# I think there used to be a video thread...



## jellotor (Feb 22, 2008)

I'm pretty sure there used to be a video thread. I'm a bit too lazy to search for + resurrect it and if I were to start a new thread it'd be for video projects that members have done themselves.

To start things off...here's a video I did on what I considered to be the first day of spring. I apologise in advance...is it possible to embed Vimeo videos?

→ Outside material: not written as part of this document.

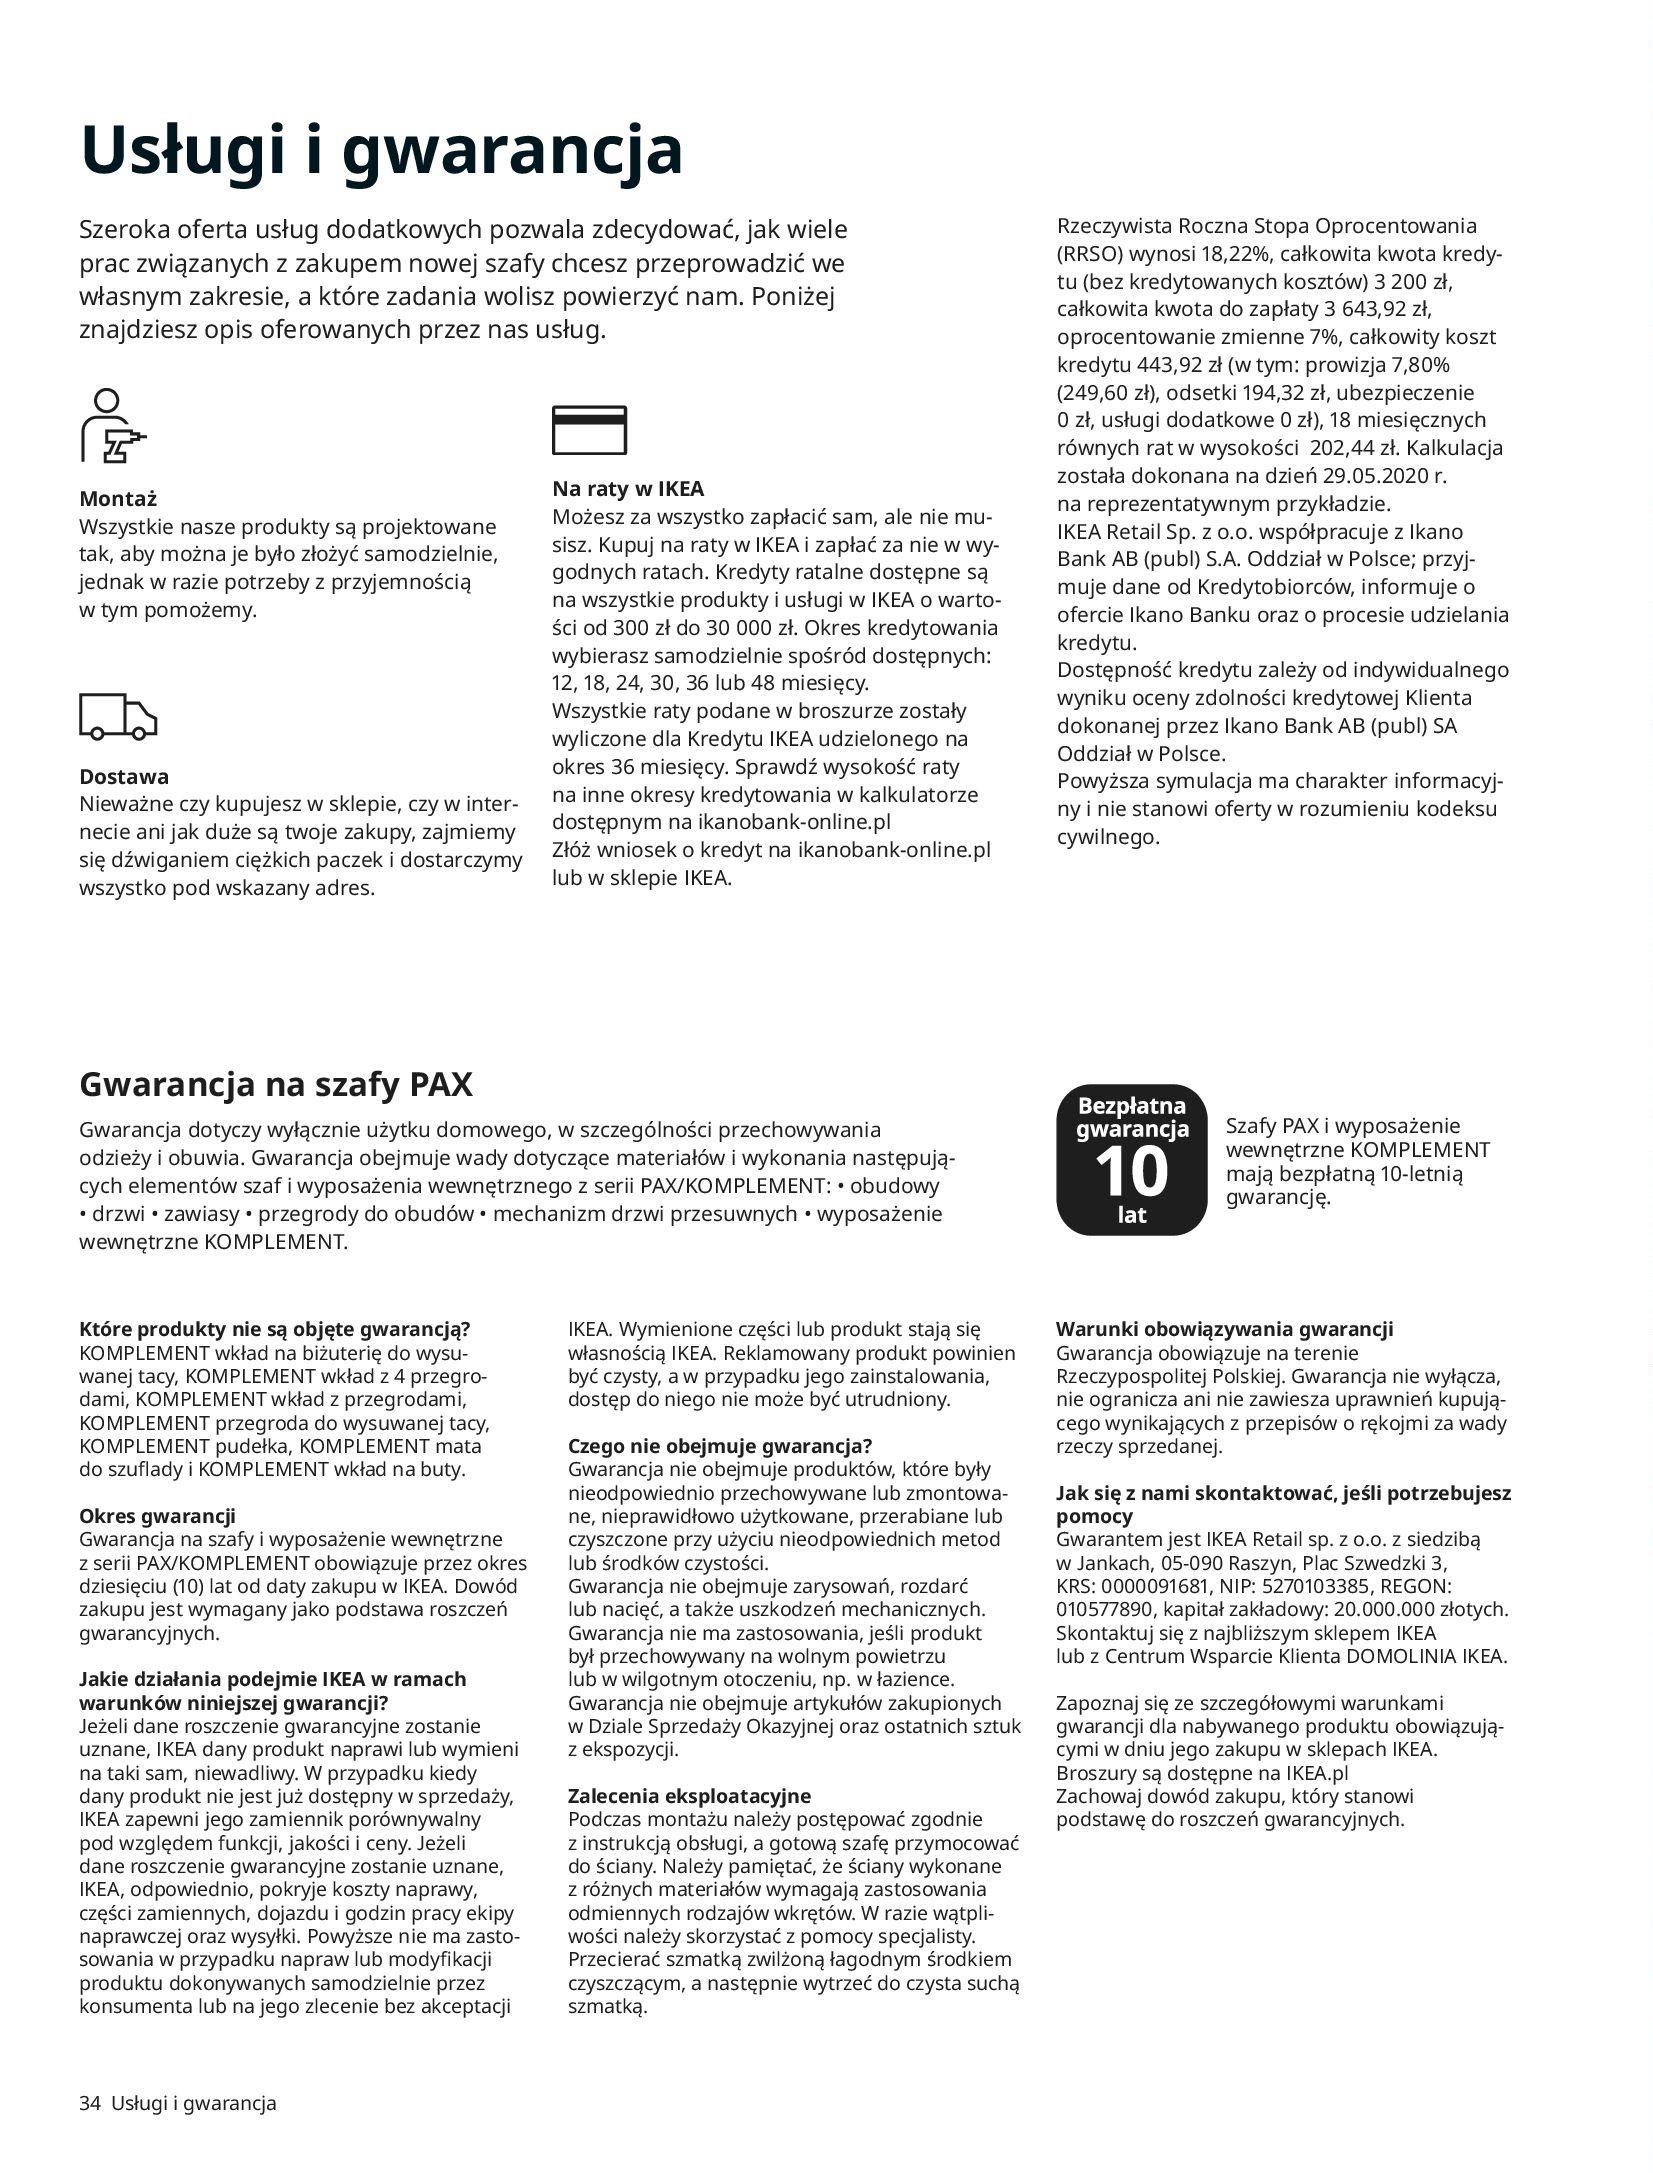 Gazetka IKEA: SZAFY 2021 2021-01-13 page-34

https://vimeo.com/28997015


----------



## mrjimmy (Nov 8, 2003)

jellotor said:


> I'm pretty sure there used to be a video thread. I'm a bit too lazy to search for + resurrect it and if I were to start a new thread it'd be for video projects that members have done themselves.
> 
> To start things off...here's a video I did on what I considered to be the first day of spring. I apologise in advance...is it possible to embed Vimeo videos?
> 
> https://vimeo.com/28997015


Nice feel to that.


----------



## mrjimmy (Nov 8, 2003)

Here's one of mine. Thunder Bay to Winnipeg. Shot on Super 8.





+
YouTube Video









ERROR: If you can see this, then YouTube is down or you don't have Flash installed.


----------



## Kazak (Jan 19, 2004)

Here's the original thread.


----------



## jellotor (Feb 22, 2008)

mrjimmy said:


> Here's one of mine. Thunder Bay to Winnipeg. Shot on Super 8.
> 
> 
> 
> ...


That's great work! I love how it makes me concentrate to look for images I will recognize. I have a sort of music video half edited using some visuals from my wife's grandpa's 8mm vacation films from the 50s that has a similar feel.


----------